Marin Symphony
Marin Symphony | Credit: Stuart Lirette

I’m going to hail Marin Symphony’s 75th anniversary season — even if pesky copy editors will bring up some questions of history and arithmetic.

History speaks of a fellow immigrant from Hungary, Sandor Salgo (born Salgó Sándor, who studied under Zoltán Kodály), conducting a concert in Marin County Catholic High School on Dec. 14, 1952. That will be 74 years in December — and, yes, 75 next year.  

However, the program was a holiday presentation of Handel’s Messiah, performed by the ad hoc “Marin Art and Music Festival Chorus and Orchestra,” consisting of San Francisco orchestra members who lived in Marin and local musicians and singers.

Sandor Salgo
Sandor Salgo | Credit: uncredited photo

It was only in 1956, after the new organization was officially incorporated, that Salgo was named music director of what by then was known as the Marin Symphony. That’s 70 years, says arithmetic.

No matter, let's call it Marin’s diamond jubilee — and remember that Salgo led the orchestra for 33 years, even as he also took over leadership of the Carmel Bach Festival in 1956, remaining its music director for 35 years. He died in 2007, at age 97.

Marin Symphony Executive Director Tod Brody is focusing on the present and future, having just shepherded the ensemble through a few homeless years, while the 1,960-seat Veterans Memorial Auditorium at the Marin Civic Center was renovated. That meant, in Brody’s words, “performing smaller-scale concerts in the College of Marin's 580-seat James Dunn Theater.” Brody is excited for the coming season, which promises a fresh start.

“As the VMA was being repaired, the orchestra concluded an international search by hiring Music Director Fawzi Haimor, who has just completed a very successful inaugural season,” Brody said.
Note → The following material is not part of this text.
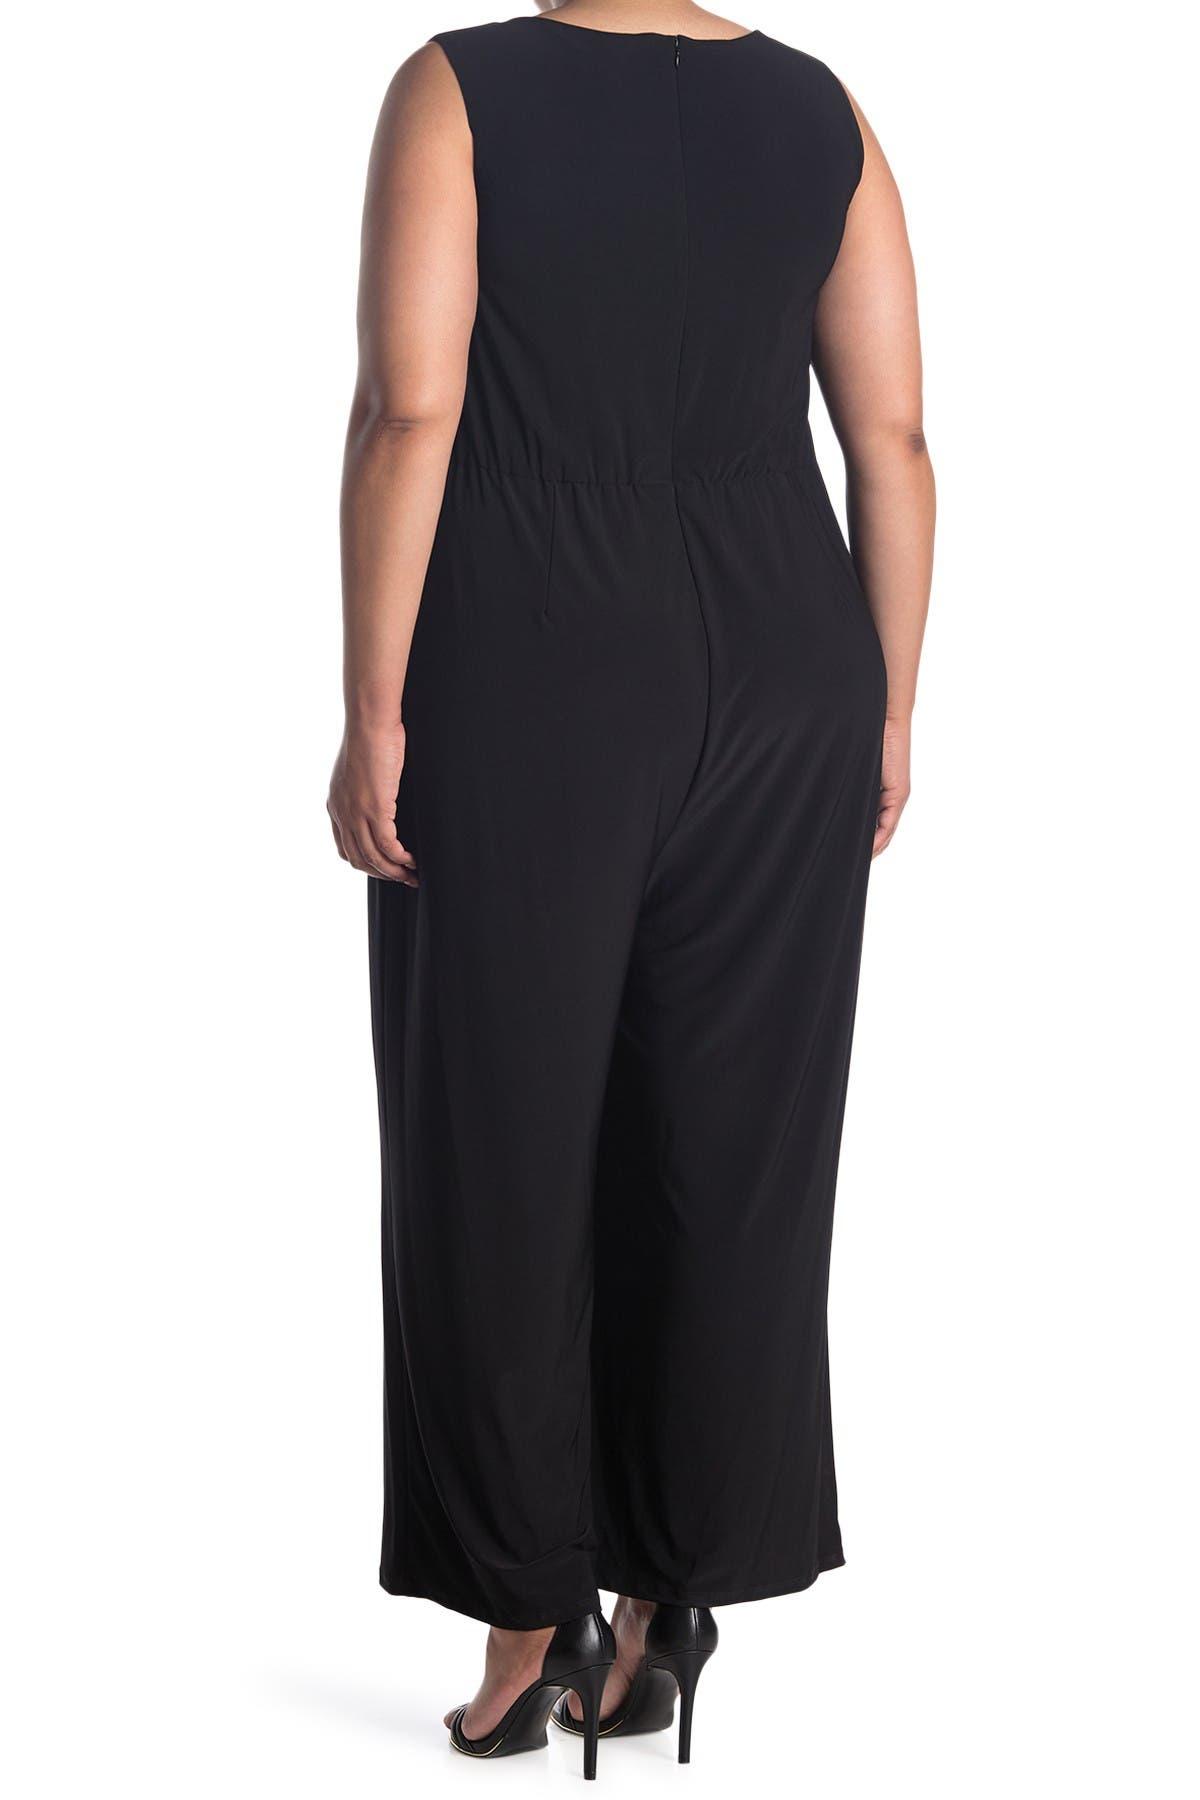 Image of Donna Ricco Criss Cross Waist Sleeveless Jumpsuit

“With the return to the VMA, larger-scale programming will once again be possible: the first Masterworks concert of the 2026-27 season, on Jan. 23–24, 2027, will feature Mahler’s monumental Second Symphony (“Resurrection”), with an orchestra of 101 musicians and the Marin Symphony Chorus filling the stage.”

Fawzi Haimor conducting Marin Symphony
Fawzi Haimor conducting the Marin Symphony in an April 2025 concert at the College of Marin’s James Dunn Theatre | Credit: Andrew Wilson

During the years of being away from the VMA, Marin Symphony developed a popular chamber-music series and expanded the activities of the chorus. “These ventures will continue into the future,” says Brody, “as will the building out of the orchestra's Pops series.”

The orchestra’s other Masterworks concerts in the next season will feature Nikolai Rimsky-Korsakov’s Scheherazade, Hector Berlioz’s Symphonie fantastique, and Leonard Bernstein’s Symphonic Dances from West Side Story.

Among soloists next season are pianist Jon Nakamatsu, playing Sergei Rachmaninoff’s Third Piano Concerto, Los Angeles Philharmonic Principal Trumpet Thomas Hooten in John Williams’s Trumpet Concerto, and Rachel Barton Pine, slated to be the soloist in Florence Price’s Second Violin Concerto.

Marin Symphony today has 79 union musicians on the roster, with per-service contracts negotiated by the American Federation of Musicians Local 6. The Symphony’s chorus of 100 volunteers is directed by Eric Choate.

The organization’s budget for the 2026-2027 season is $2.9 million, an increase over 2023’s $2.59 million. No wonder Brody is beaming.